Here is the log from video_encode application when the error occurs:

===== NVMEDIA: NVENC =====
NvMMLiteBlockCreate : Block : BlockType = 4 
Creating Encoder in blocking mode 
Opening in BLOCKING MODE 
875967048
842091865
H264: Profile = 100, Level = 51 
NvRmChannelSubmit: NvError_IoctlFailed with error code 22
NvRmPrivFlush: NvRmChannelSubmit failed (err = 196623, SyncPointIdx = 4, SyncPointValue = 0)
fence_set_name ioctl failed with 22
NvMMLiteVideoEncDoWork:NvMSEncConvertSurfaceFormat failed
VENC: NvMMLiteVideoEncDoWork: 4283: BlockSide error 0x4
NvVideoEnc: BlockError 
NvVideoEncTransferOutputBufferToBlock: DoWork failed line# 667 
NvVideoEnc: NvVideoEncTransferOutputBufferToBlock TransferBufferToBlock failed Line=678
[ERROR] (NvV4l2ElementPlane.cpp:178) <enc0> Capture Plane:Error while DQing buffer: Invalid argument
Error while dequeing buffer from output plane
NvVideoEncTransferCaptureBufferToBlock: DoWork failed line# 631 
NvVideoEncTransferCaptureBufferToBlock: DoWork failed line# 631 
NvVideoEncTransferCaptureBufferToBlock: DoWork failed line# 631 
[ERROR] (NvV4l2ElementPlane.cpp:178) <enc0> Output Plane:Error while DQing buffer: Invalid argument
ERROR while DQing buffer at output plane
Encoder is in error

We’ve created a simple bash script demonstrating the issue, source codes can be accessed from [1]. Our Jetpack version is:

# R32 (release), REVISION: 4.4, GCID: 23942405, BOARD: t210ref, EABI: aarch64, DATE: Fri Oct 16 19:44:43 UTC 2020

And we are running video_encode application with the following command:

./video_encode test.raw 1920 1080 H264 out.264 -p high

where test.raw is a random data generated with the following command:

dd if=/dev/urandom of=test.raw bs=3110400 count=30

size is arbitrary, data is random to cause maximum entropy to stress encoder. Please note that this issue is present long before Jetpack 4.4, we’re seeing similar problems with Jetpack 3.3 as well.

Thanks,
Caglar


[1] https://gitlab.com/sparsetech/jetson-video-encode-stress-test

1 Like

Hi,
Thanks for reporting the issue. We will try to reproduce it and do investigation.

Hi,
One question, do you hit the issue if you generate test.raw with

gst-launch-1.0 videotestsrc num-buffers=60 ! video/x-raw, width=1920,height=1080 ! filesink location=test.raw

Update:
We have tried the script and somehow the following logic hangs the test:

        while [[ "$cnt" != "0" ]]
        do
               echo waiting
               sleep 1
               cnt=$(ps -A | grep -i test.sh | wc -l)
        done

We change it to

        sleep 5

Don’t observe the issue in looping 2000+ times.

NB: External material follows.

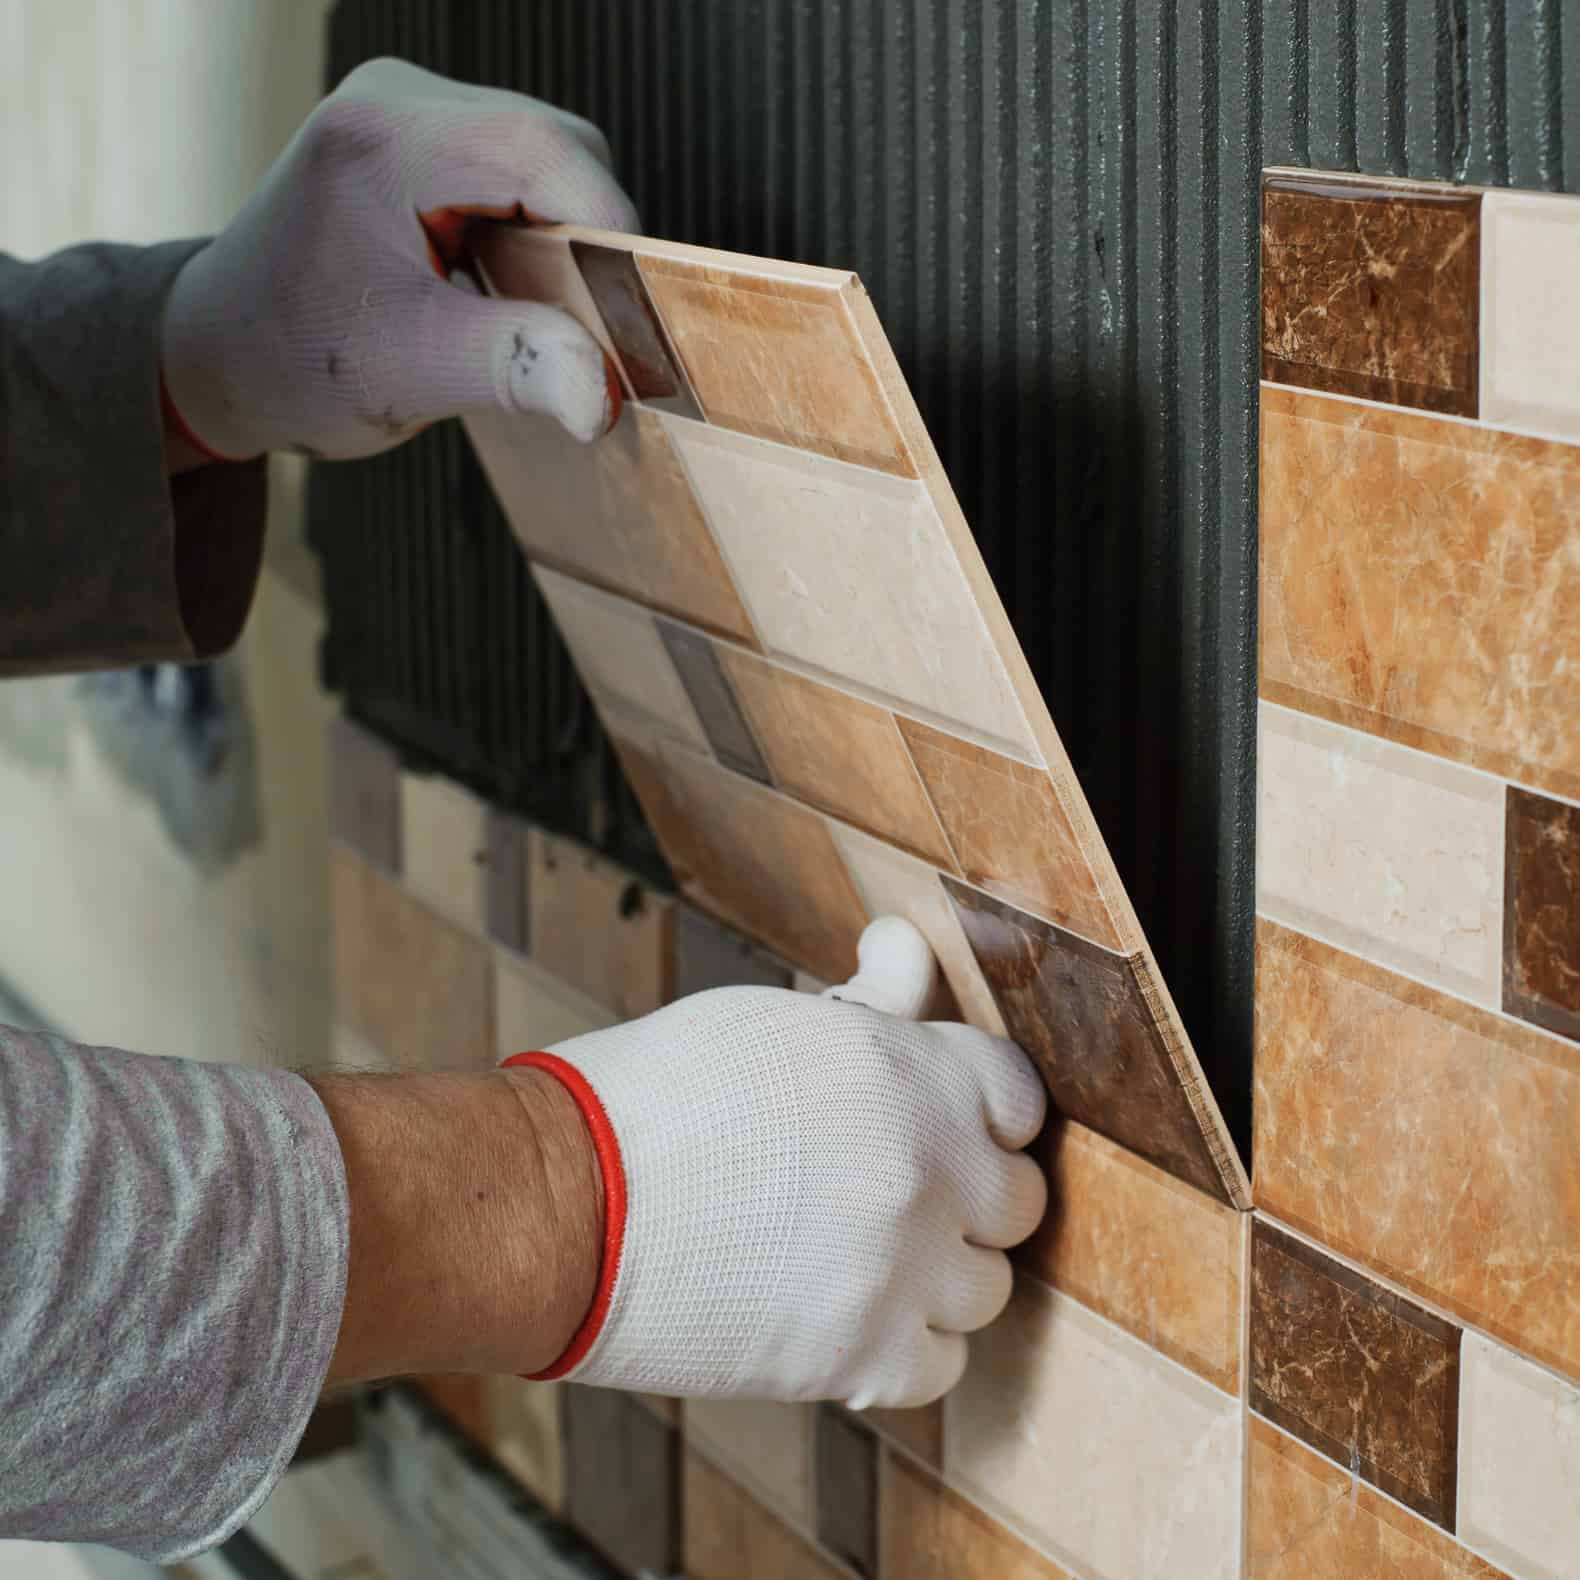 Worker setting multicolored tiles on the wall

Yes, it happens even if I generate test video with the videotestsrc, though somewhat later. Let’me give you some more numbers about my test cases. Let me call one pass of all N encoder over input video an iteration. Then,

  1. Generate a full random video, use 8 encoders, average failure iteration is ~300
  2. Generate a semi-random video with videotestsrc, average failure iteration is ~600
  3. Generate a full random video, use 1 encoder, no failure (more than 40k iterations)
  4. Generate a full random video with gstreamer(*), use 8 encoders, average failure iteration is ~300

We have several devices in the field, in the order of hundreds, and we’re randomly facing similar encoder crushes on several devices. I believe the issue is related to stress level on devices.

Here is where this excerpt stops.